The Roth IRA is one of the most attractive and potentially valuable ways to save for a comfortable retirement. As long as you follow the rules, you can enjoy tax-free growth in your IRA, and tax-free withdrawals once you retire. How fast your Roth IRA balance grows depends on a number of factors, including the investments you choose and how much you invest each year.
The IRS sets the limits for contributions to a Roth IRA, and it is important to review those limits and not exceed them. For 2011, you can invest up to $5,000 in your Roth IRA. If you are 50 years of age or older, you can invest an extra $1,000, for a total contribution limit of $6,000. If you are able to max out your Roth IRA contribution each year, your balance can grow much faster than if you contribute only a small amount each year.
One of the hallmarks of the Roth IRA is its tax-free growth. The money you put into a Roth IRA is not subject to current taxation, and when you take the money out in retirement you are not taxed either. The ability to have the money grow tax-free is very advantageous, since ongoing taxes can really eat into your return. Having the money grow tax-free can boost your return and help your money grow faster than it otherwise would have.

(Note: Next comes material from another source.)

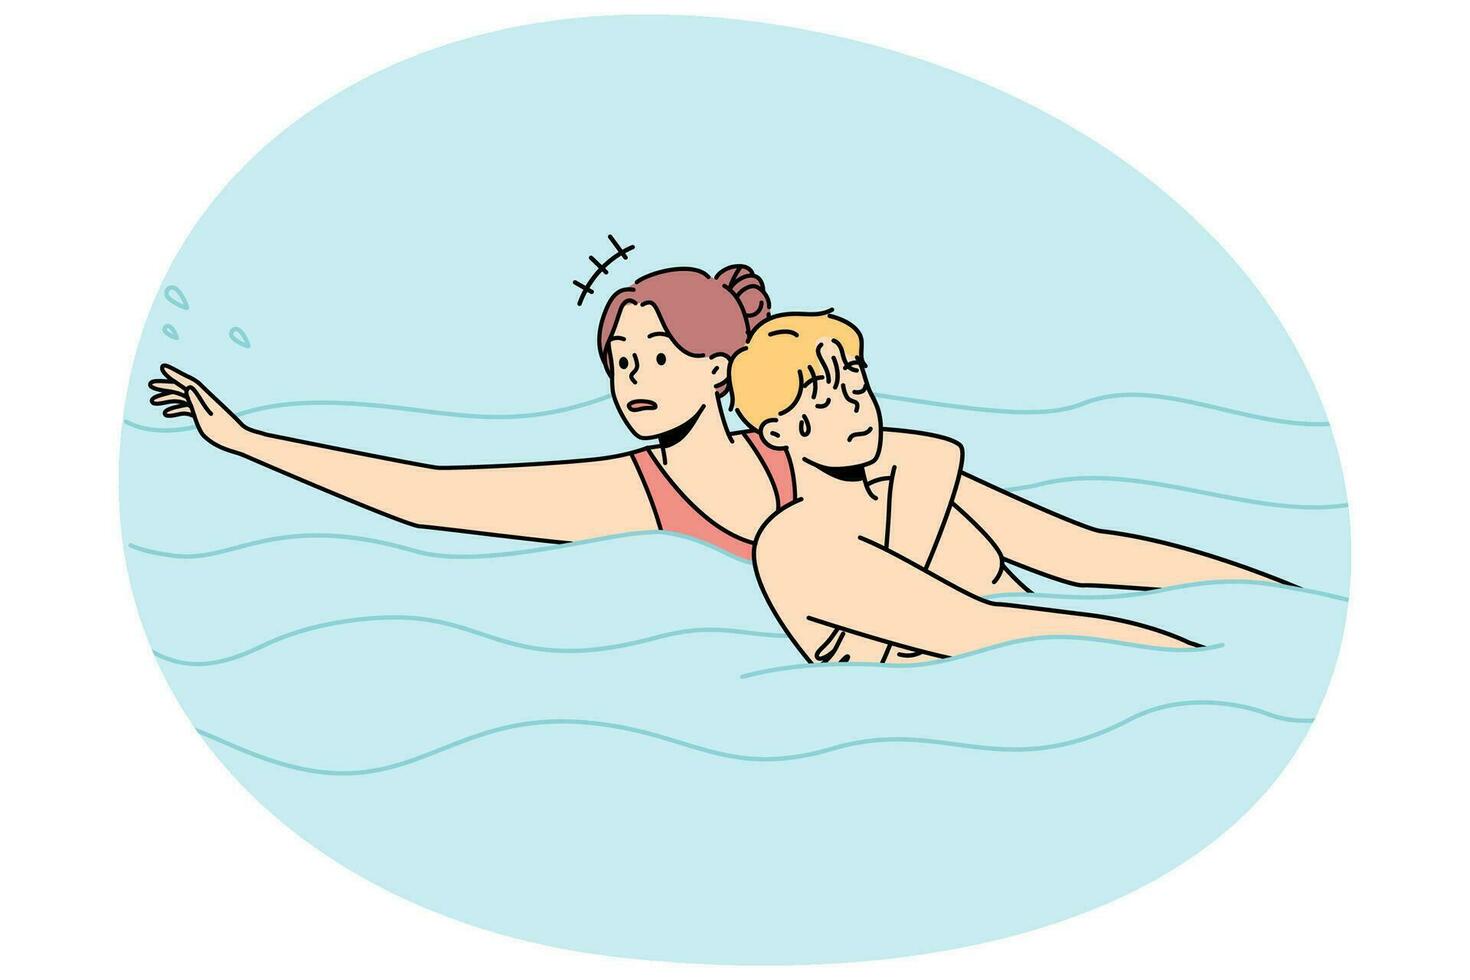 Woman saving man drowning in water. Lifeguard help guy going under in swimming pool. Emergency and rescue. Vector illustration.

How fast your Roth IRA grows is dependent on the performance of the investments within that account. The Roth IRA itself is simply a shell structure. Within that shell structure you can choose a number of investment options, from individual stocks to widely diversified funds of stocks, bonds and fixed income securities. The types of investments you choose depends on a number of factors, including your own tolerance for risk and how far you are from retirement. If you have decades to go before retirement, you can afford to grow your funds with stocks, but if you are getting ready to retire you might want to keep your stock holdings and your risk to a minimum.

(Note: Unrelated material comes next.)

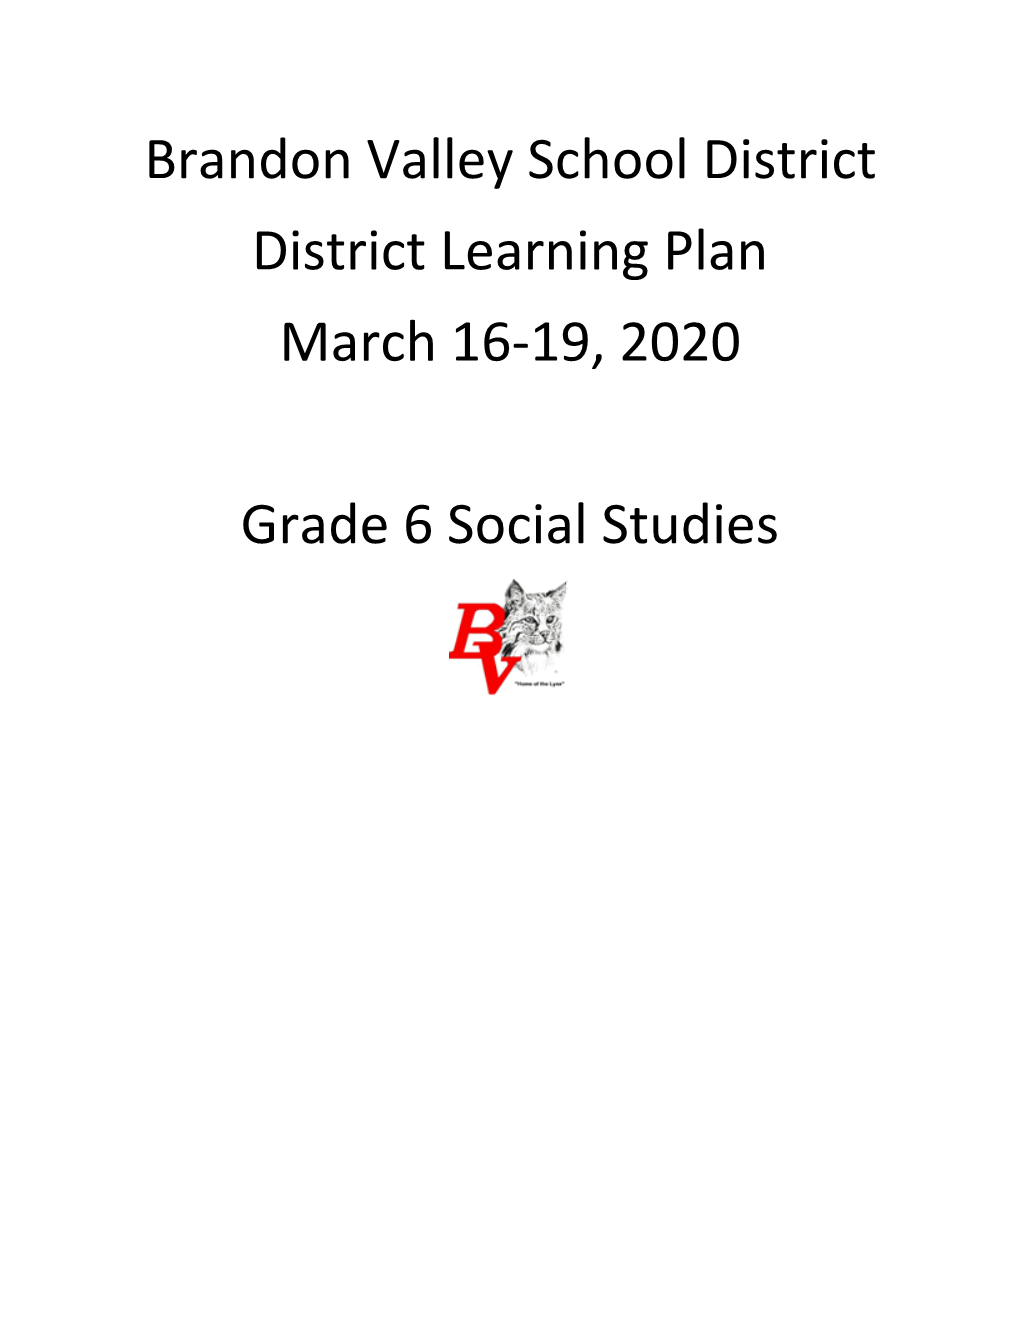 Brandon Valley School District District Learning Plan March 16-19, 2020

If you want your Roth IRA to grow and provide enough income for you in retirement, you need to keep careful track of how your investments are doing each year. You should perform a portfolio analysis each year to compare the performance of your own Roth IRA funds with what you could have achieved had you simply invested in an index fund. This type of comparison makes it easy to see how you are doing. If your own stock funds are not performing as well as the simple index, you can save money by moving your funds into a low-cost index fund and letting the money grow that way.